I was a poor boy; you were a bright light
I was a sinner and you were a snake
It was not lost on him, the humor of their situation. How often they had clashed from the very first moment and now they are carved from the antithesis of each other. How he wishes he could go back to that first meeting; how he would have warned that angry boy that he would only grow angrier. That she would erupt in flames and he would bury himself in ice and they would always—always—end up further apart than when they had started. They would never know peace in one another’s presence.

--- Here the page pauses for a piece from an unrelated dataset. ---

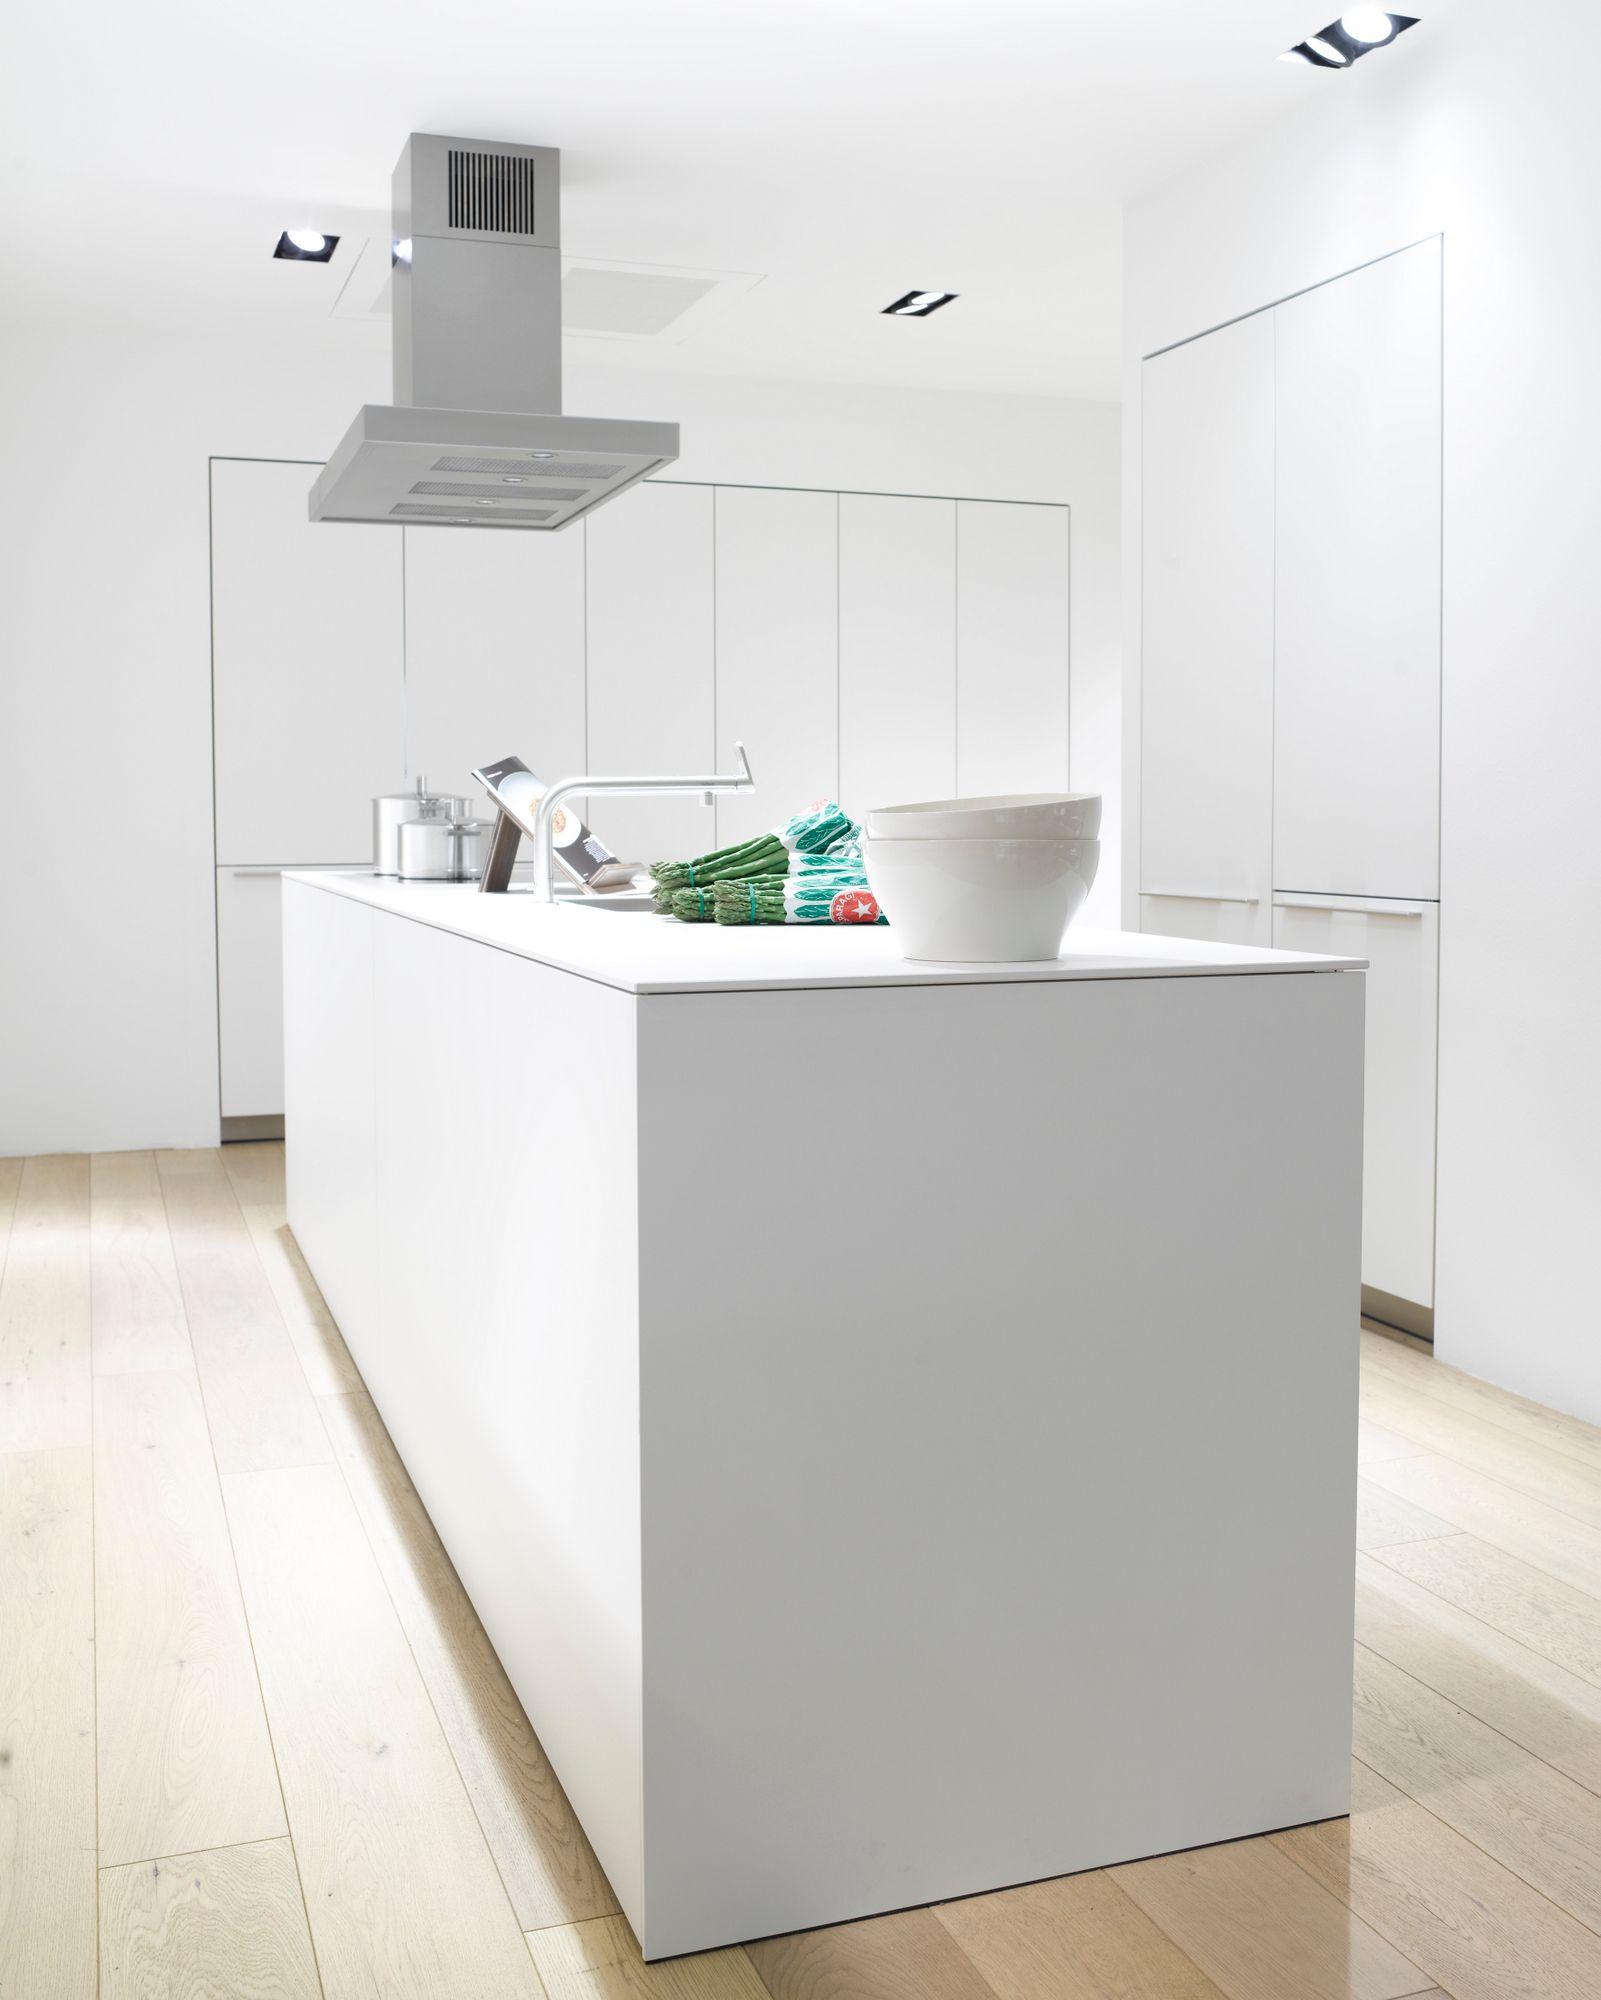 B3 | Cucina in laminato By Bulthaup
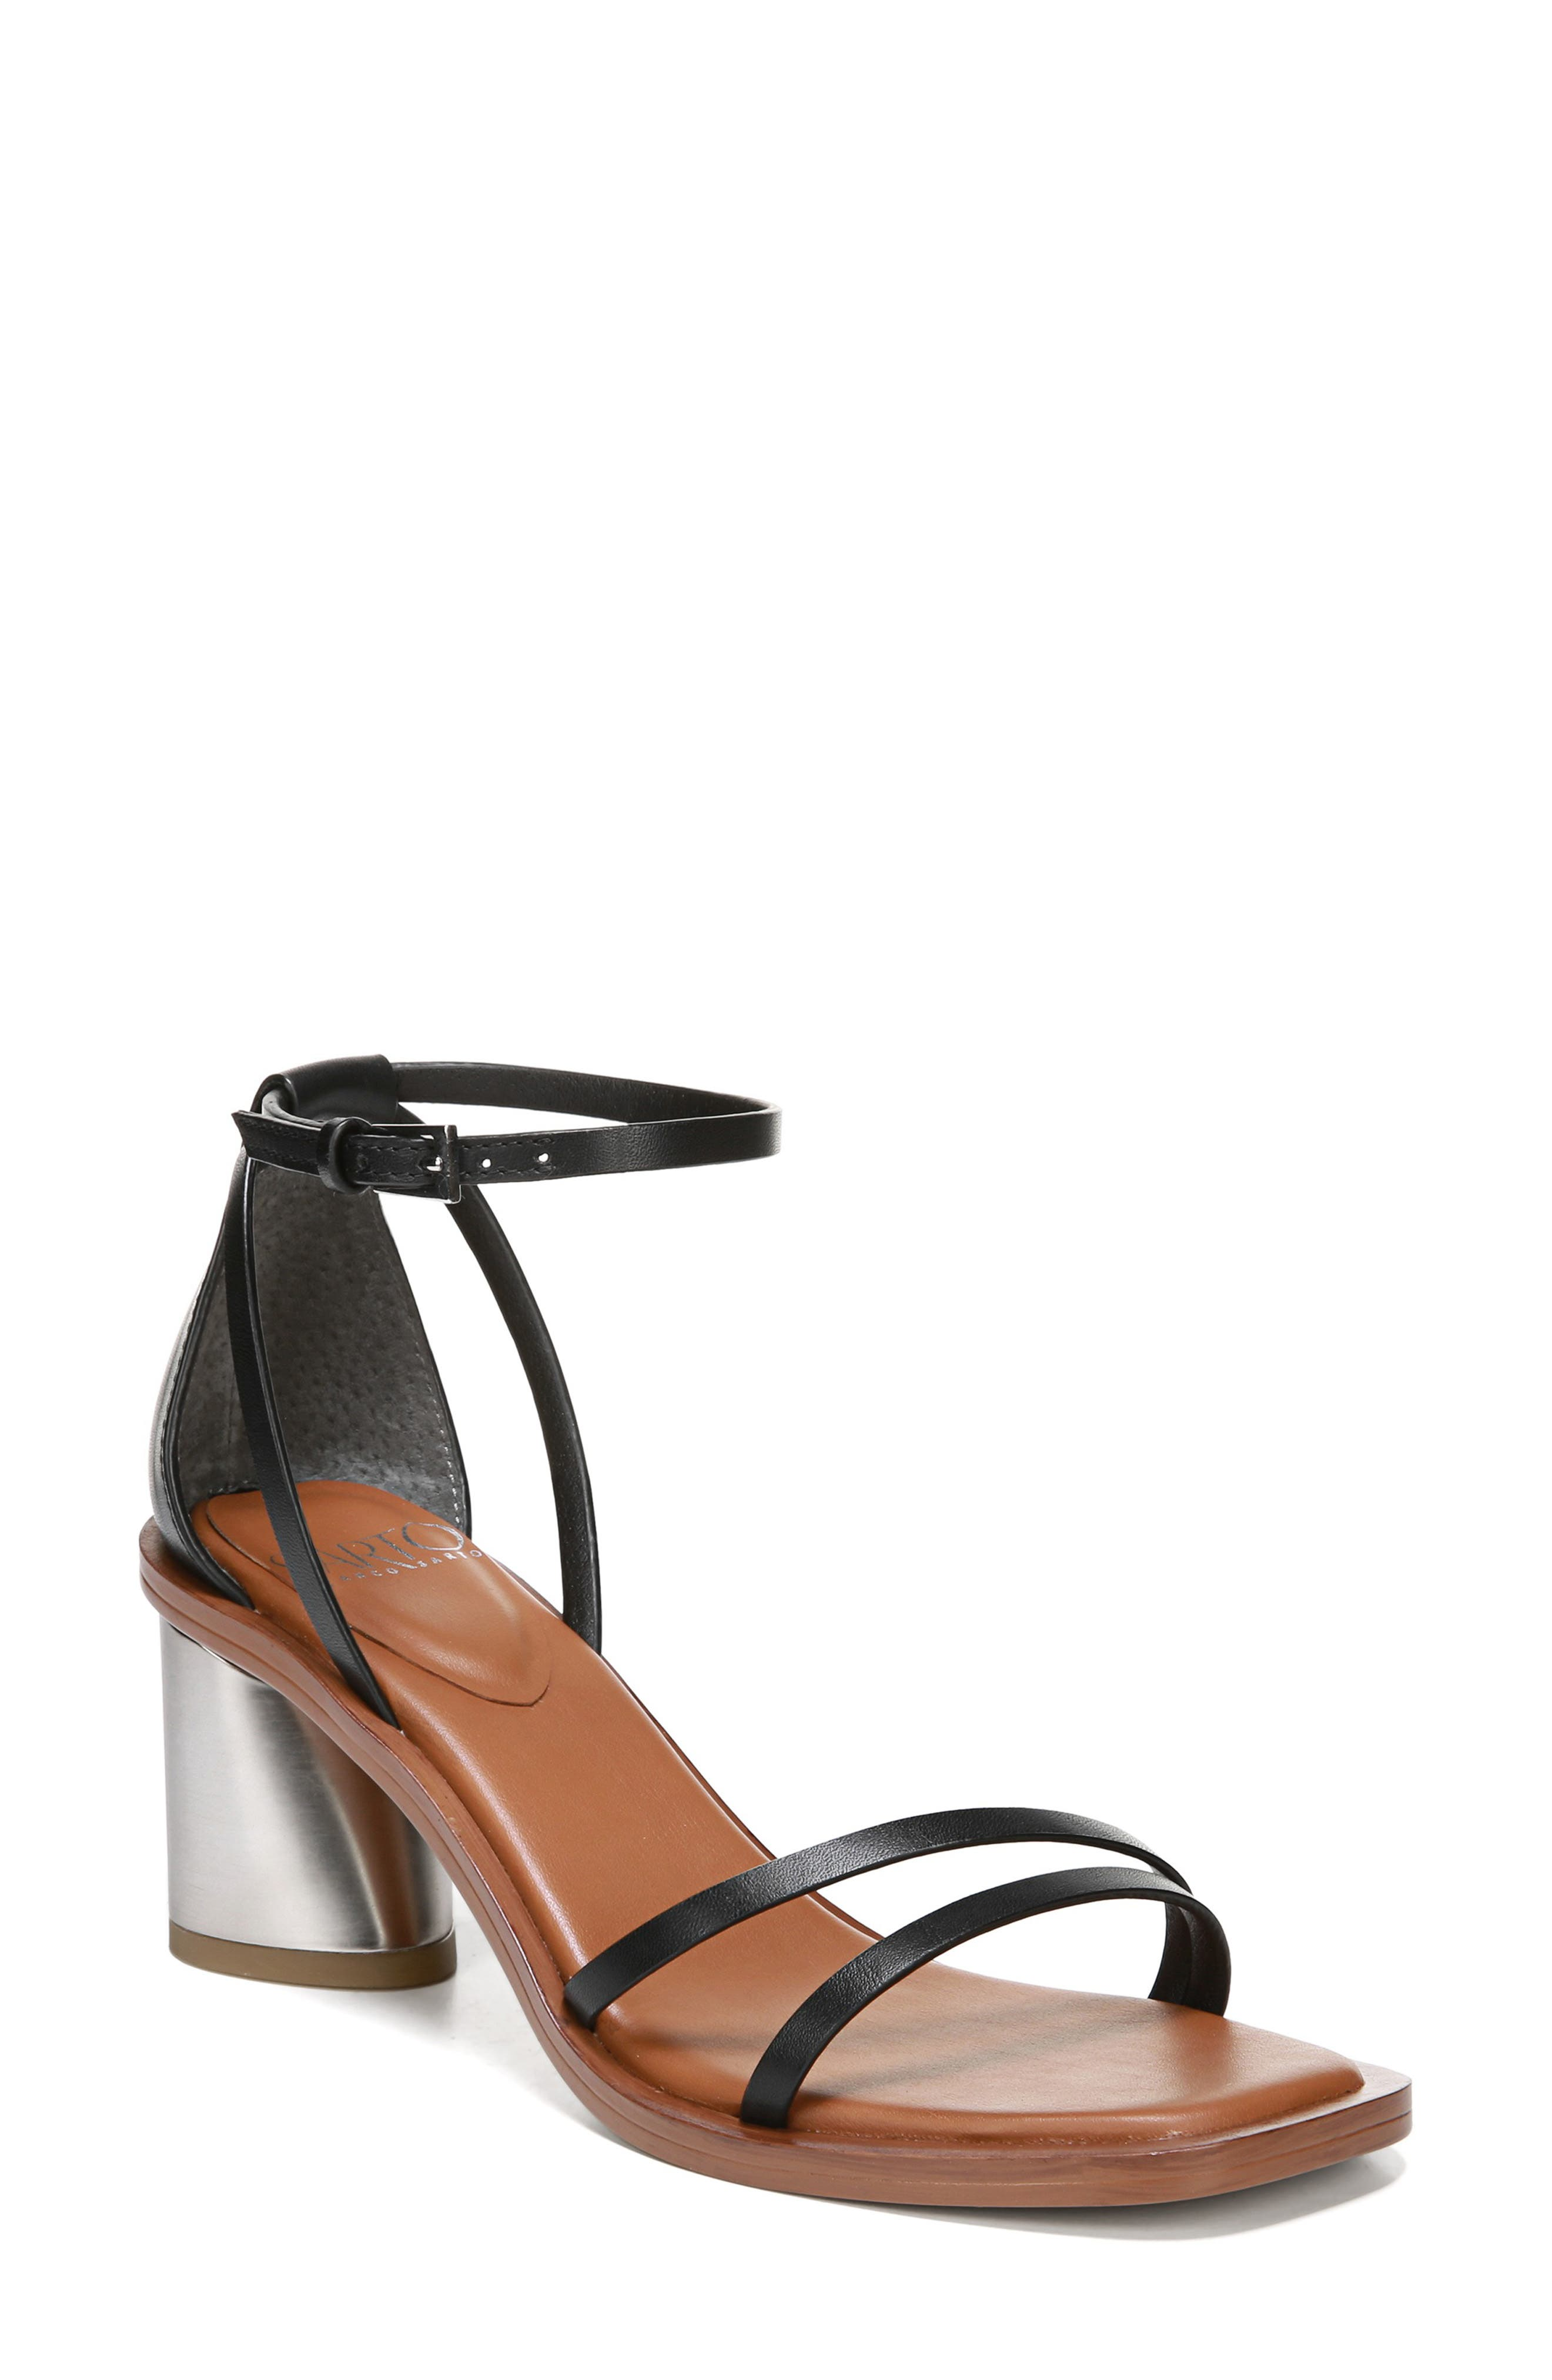 Sarto By Franco Sarto A-Ronelle Ankle Strap Sandal, Black

But the humor, for all of his knowing, does not make its way to his head, let alone his face.
He does not laugh. Does not share some spark of wit as he finds her looking at him. Instead he feels the keen edge of a pain he cannot name and he swallows hard, fighting against the emotions that so desperately press against him—demanding, always demanding, that he feels that which he’d ignore.
“Brinly,” her name is a razor blade on his tongue and it is a miracle he does not bleed out for saying it. Even acknowledging her is pain, he thinks, and he is not sure that he is brave enough to go another round with her. He cannot bear to watch her strip back his defenses so ruthlessly. To stand and feel her strike the points of him that are the most vulnerable. A muscle jumps in his jaw, a precursor to what is to come.
His stormy eyes sweep over her, taking in each new element of fire that coats her and when his gaze goes back to hers, he does not try to hide the distance that now gapes open between them.
“You look burnt,” he deadpans, finally, an uninspired response from an uninspired mouth. He strikes first, a viper backed into a corner although he is prey to his very core—easier to revert back to poisoned words than examine why she always makes him feel so vulnerable in the first place.